EXERCISE |
Your answer should be the exact lines of the data below from the one containing "A turtle hatchling makes his way to sea." through the one containing "Model of a Muscongus"; please include nothing else.

DATASET CONTENT |
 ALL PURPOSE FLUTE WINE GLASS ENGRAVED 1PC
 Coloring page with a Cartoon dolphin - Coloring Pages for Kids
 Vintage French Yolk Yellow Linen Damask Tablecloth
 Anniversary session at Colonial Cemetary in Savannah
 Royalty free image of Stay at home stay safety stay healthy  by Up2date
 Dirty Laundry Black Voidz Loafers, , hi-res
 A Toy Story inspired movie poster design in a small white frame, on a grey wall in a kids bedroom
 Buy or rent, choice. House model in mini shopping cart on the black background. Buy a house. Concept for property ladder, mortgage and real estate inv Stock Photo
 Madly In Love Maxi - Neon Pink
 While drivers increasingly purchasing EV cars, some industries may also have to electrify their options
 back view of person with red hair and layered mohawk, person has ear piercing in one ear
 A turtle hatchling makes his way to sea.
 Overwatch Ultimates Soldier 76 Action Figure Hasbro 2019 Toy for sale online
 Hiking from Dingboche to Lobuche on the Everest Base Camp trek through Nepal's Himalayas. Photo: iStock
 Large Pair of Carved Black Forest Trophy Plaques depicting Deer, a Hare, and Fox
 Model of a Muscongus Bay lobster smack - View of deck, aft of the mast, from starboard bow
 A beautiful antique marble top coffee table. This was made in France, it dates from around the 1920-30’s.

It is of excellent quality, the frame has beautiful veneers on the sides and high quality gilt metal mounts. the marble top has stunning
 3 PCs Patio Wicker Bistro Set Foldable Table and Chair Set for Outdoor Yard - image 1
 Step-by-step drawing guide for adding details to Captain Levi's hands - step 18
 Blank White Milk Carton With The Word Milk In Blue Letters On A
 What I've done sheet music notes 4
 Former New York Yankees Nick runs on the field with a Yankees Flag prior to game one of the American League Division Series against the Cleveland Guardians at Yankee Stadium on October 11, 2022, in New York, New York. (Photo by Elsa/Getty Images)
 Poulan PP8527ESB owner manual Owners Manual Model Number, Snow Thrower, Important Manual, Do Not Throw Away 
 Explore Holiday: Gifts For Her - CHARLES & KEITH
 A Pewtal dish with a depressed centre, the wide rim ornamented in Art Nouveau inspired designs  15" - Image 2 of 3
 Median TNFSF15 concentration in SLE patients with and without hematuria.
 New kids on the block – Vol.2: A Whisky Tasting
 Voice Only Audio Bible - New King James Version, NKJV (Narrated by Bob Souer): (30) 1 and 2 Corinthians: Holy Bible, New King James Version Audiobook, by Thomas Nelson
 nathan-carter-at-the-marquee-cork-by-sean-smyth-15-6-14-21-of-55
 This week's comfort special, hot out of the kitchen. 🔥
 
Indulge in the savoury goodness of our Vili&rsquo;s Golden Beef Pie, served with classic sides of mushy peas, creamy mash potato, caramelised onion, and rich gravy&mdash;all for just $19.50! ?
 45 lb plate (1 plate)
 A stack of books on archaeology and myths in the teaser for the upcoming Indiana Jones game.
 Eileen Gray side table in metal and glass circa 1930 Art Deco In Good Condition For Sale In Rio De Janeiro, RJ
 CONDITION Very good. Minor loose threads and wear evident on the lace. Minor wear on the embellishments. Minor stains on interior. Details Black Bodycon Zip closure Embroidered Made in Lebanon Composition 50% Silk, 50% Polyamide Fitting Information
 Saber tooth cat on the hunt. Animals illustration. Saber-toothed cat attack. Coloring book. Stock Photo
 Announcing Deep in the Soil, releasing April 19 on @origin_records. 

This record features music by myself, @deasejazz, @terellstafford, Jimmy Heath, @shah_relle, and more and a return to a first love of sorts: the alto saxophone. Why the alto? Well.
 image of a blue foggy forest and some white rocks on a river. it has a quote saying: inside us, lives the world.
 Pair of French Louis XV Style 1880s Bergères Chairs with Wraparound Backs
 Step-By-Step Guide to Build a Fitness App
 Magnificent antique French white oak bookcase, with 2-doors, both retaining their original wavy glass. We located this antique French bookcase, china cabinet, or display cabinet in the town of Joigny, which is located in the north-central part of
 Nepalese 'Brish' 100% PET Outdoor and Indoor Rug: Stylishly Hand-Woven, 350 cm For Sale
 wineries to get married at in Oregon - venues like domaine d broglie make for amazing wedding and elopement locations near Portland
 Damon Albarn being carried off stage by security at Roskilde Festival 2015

RESULT FOR THIS EXERCISE |
 A turtle hatchling makes his way to sea.
 Overwatch Ultimates Soldier 76 Action Figure Hasbro 2019 Toy for sale online
 Hiking from Dingboche to Lobuche on the Everest Base Camp trek through Nepal's Himalayas. Photo: iStock
 Large Pair of Carved Black Forest Trophy Plaques depicting Deer, a Hare, and Fox
 Model of a Muscongus Bay lobster smack - View of deck, aft of the mast, from starboard bow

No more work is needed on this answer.